=== Exercise ===
Only lines, not pictures: please repeat exactly the lines from the one with "ผ้าใบวิ่ง BAOJI บาโอจิ" through the end of the listing.
#### Stored data
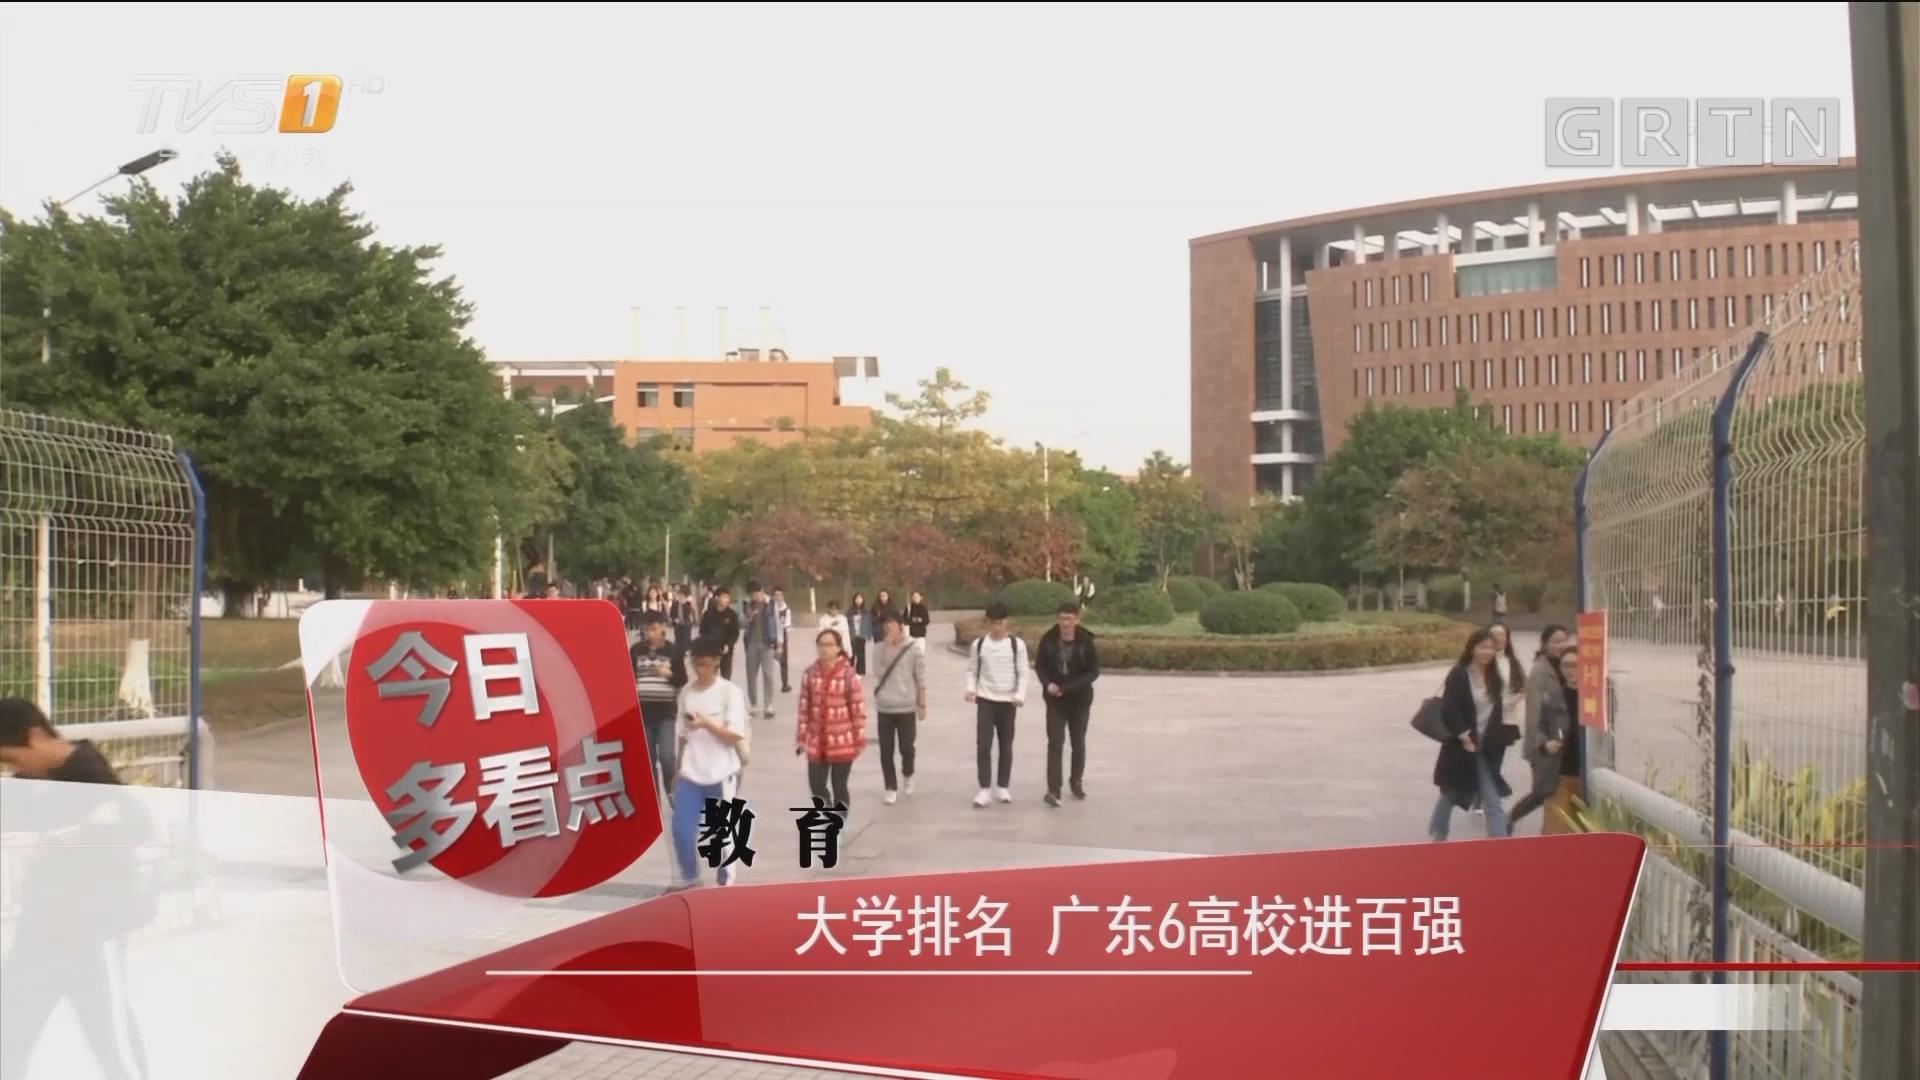 教育:大学排名 广东6高校进百强
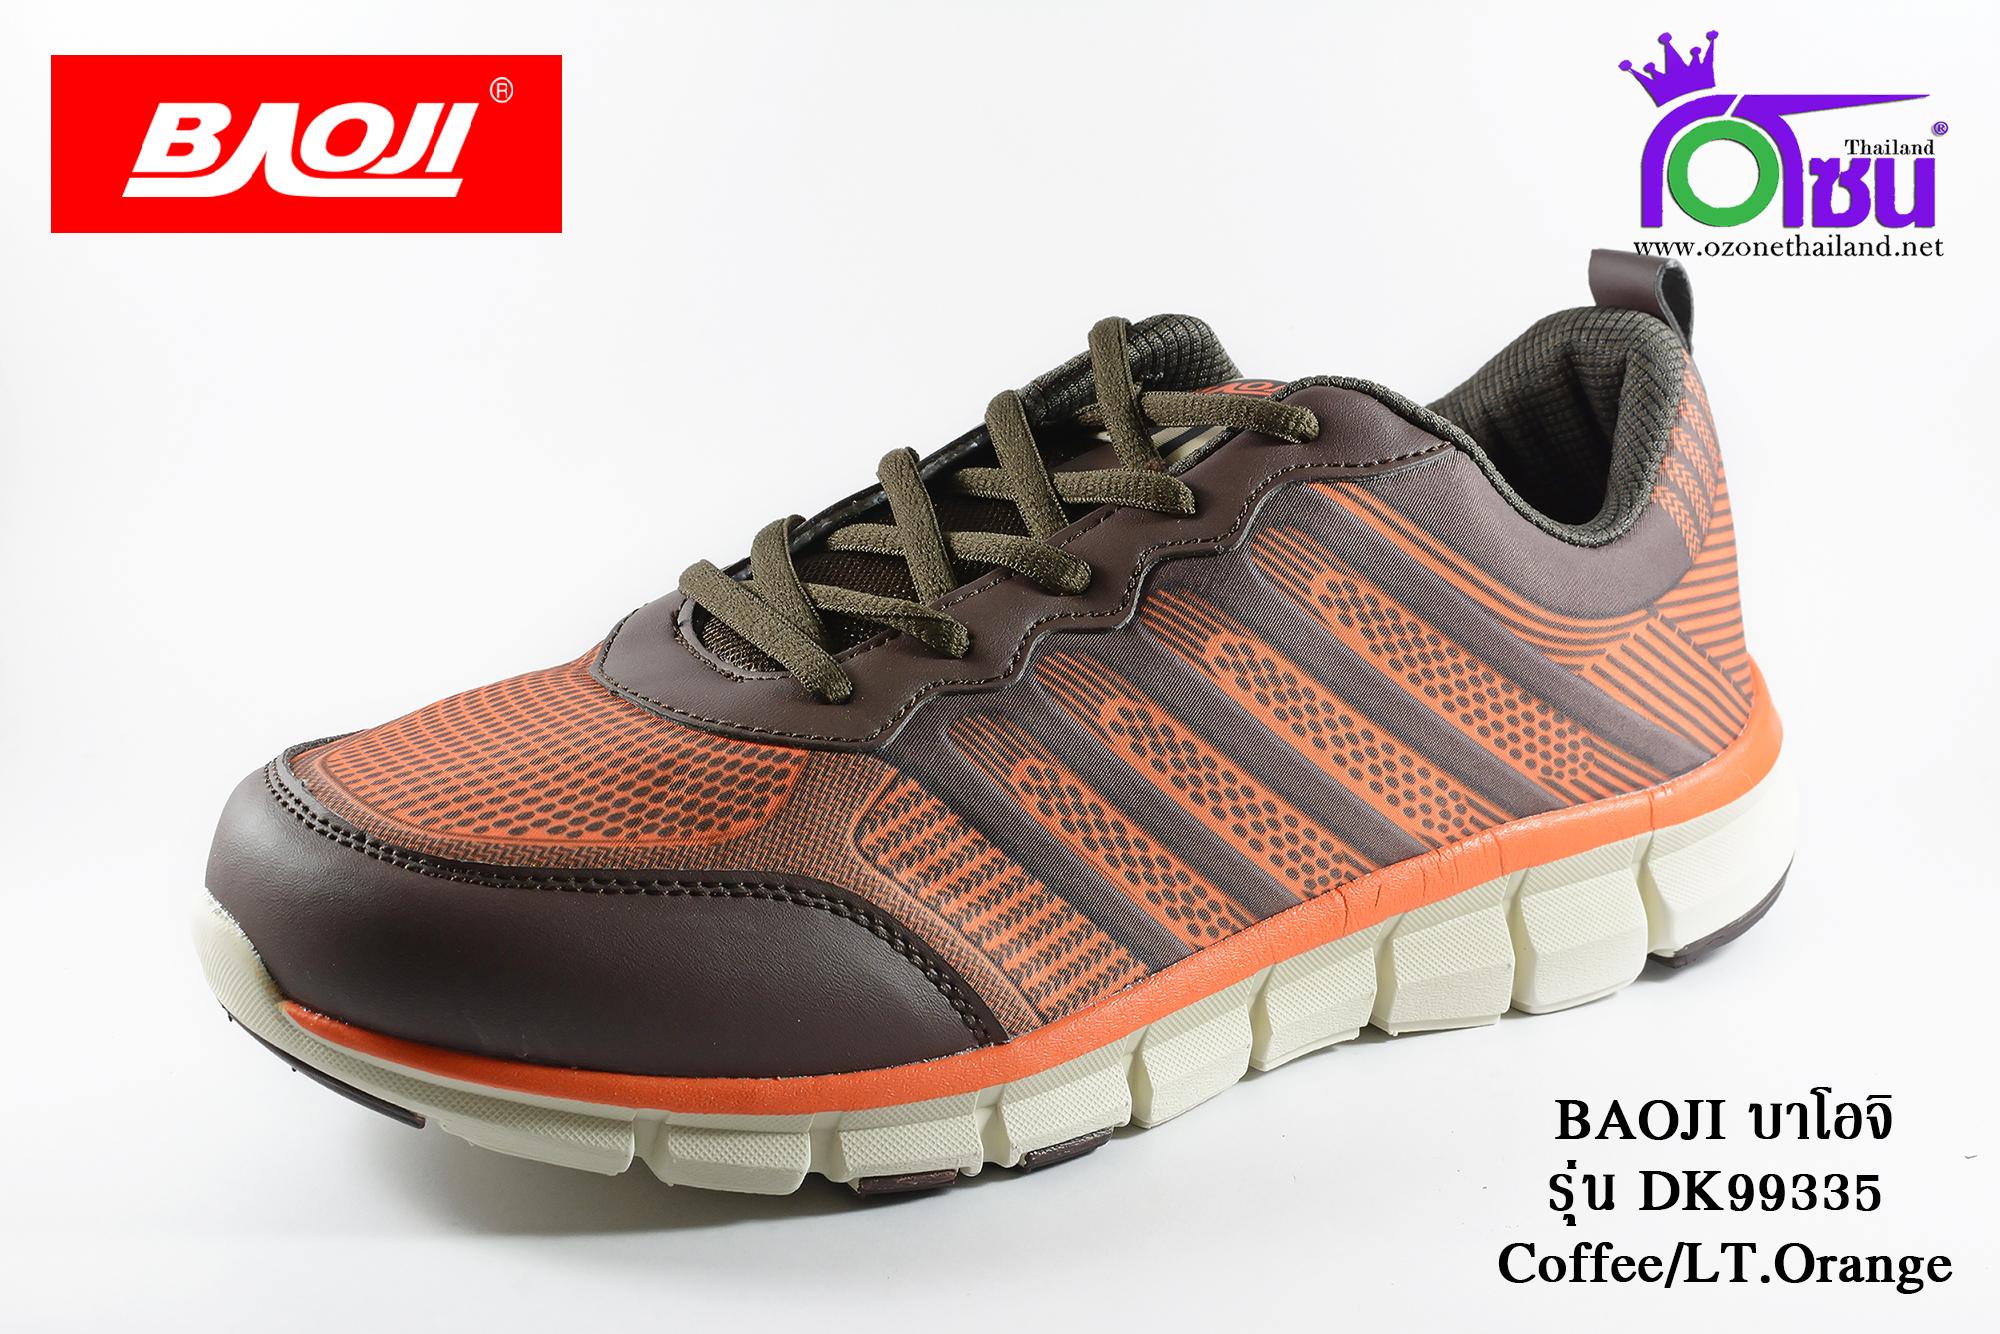 ผ้าใบวิ่ง BAOJI บาโอจิ รุ่น DK99335 สีน้ำตาลส้ม เบอร์ 41-45
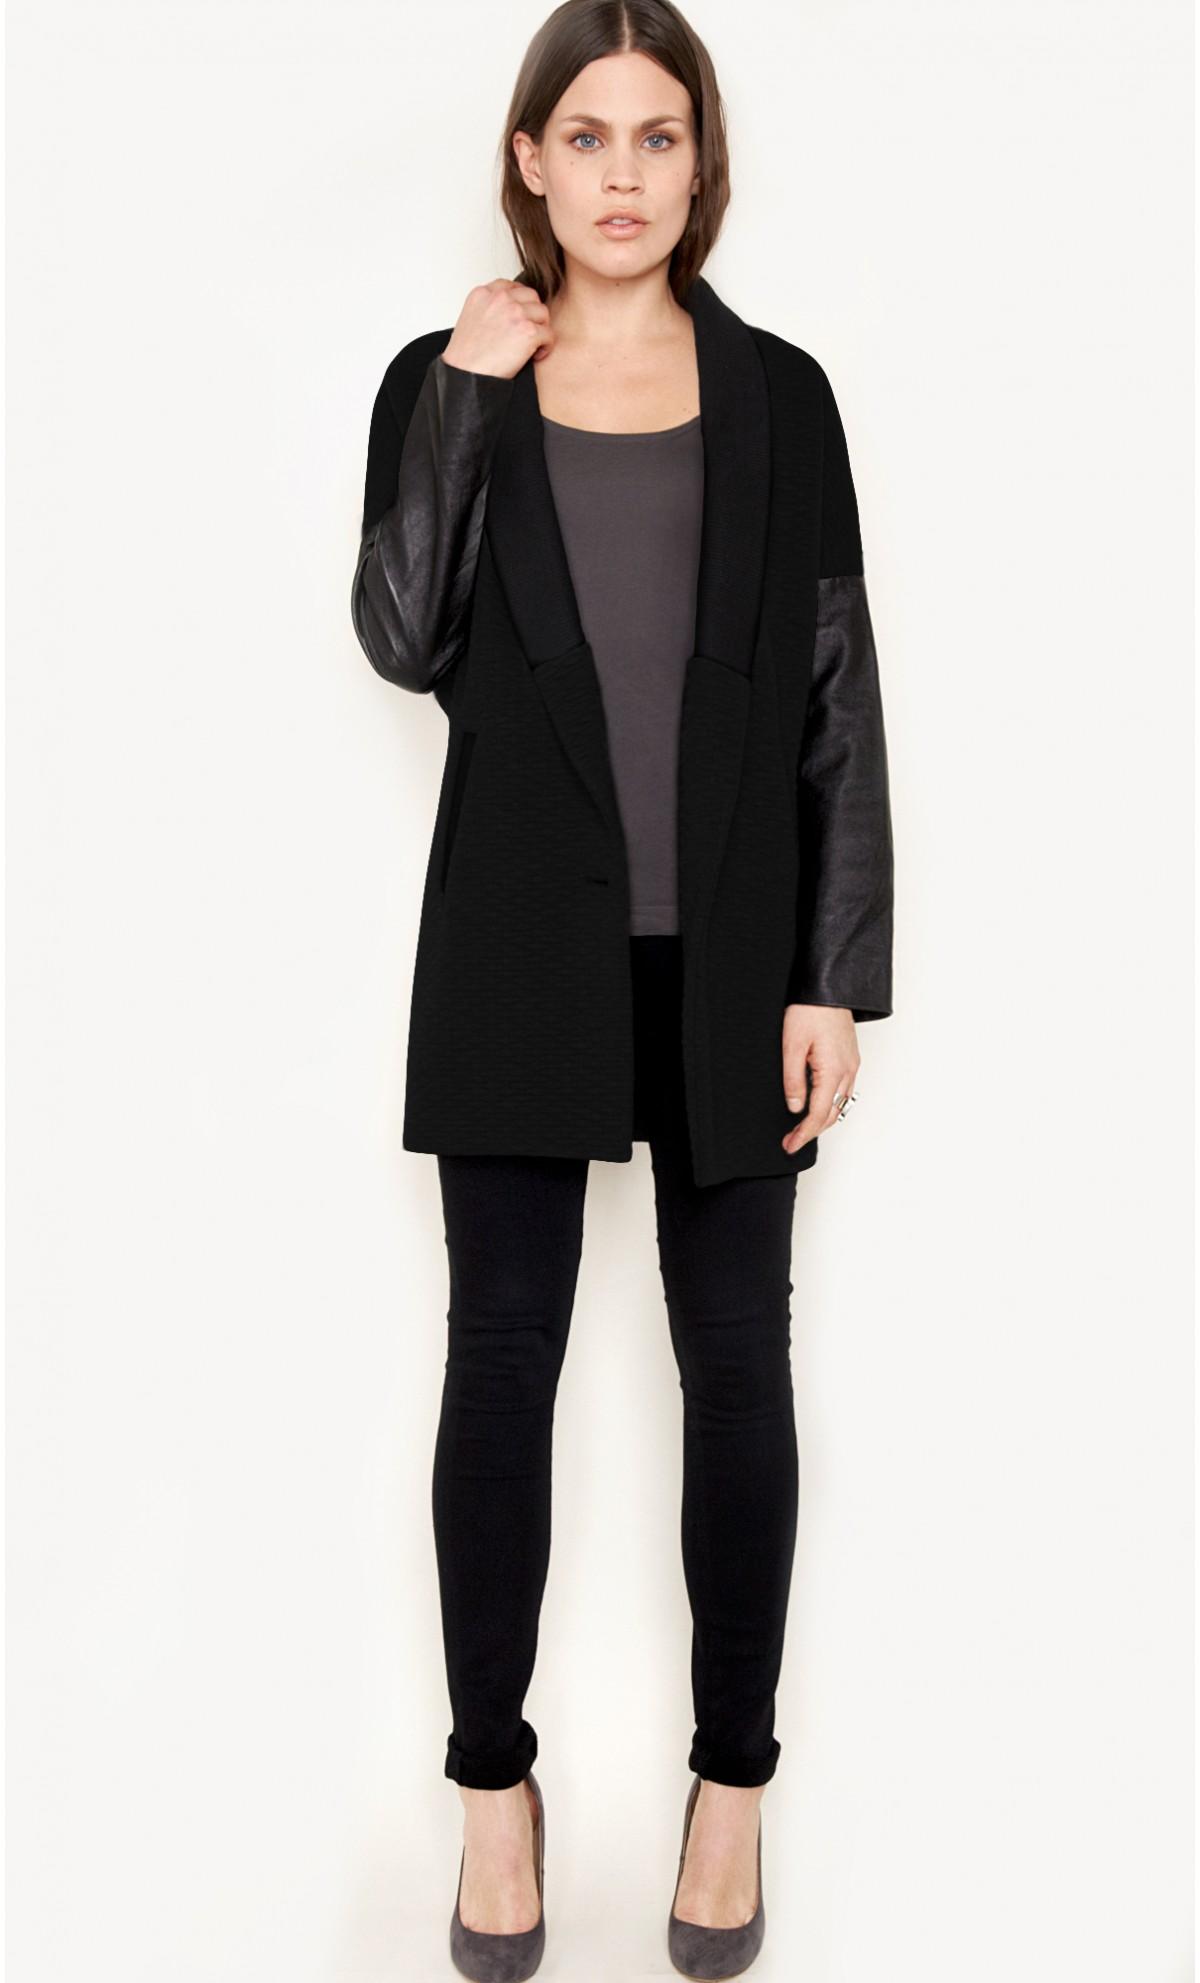 gilet veste femme un bon compromis garder sous la main. Black Bedroom Furniture Sets. Home Design Ideas
########
=== Task solution ===
 ผ้าใบวิ่ง BAOJI บาโอจิ รุ่น DK99335 สีน้ำตาลส้ม เบอร์ 41-45
 gilet veste femme un bon compromis garder sous la main. Black Bedroom Furniture Sets. Home Design Ideas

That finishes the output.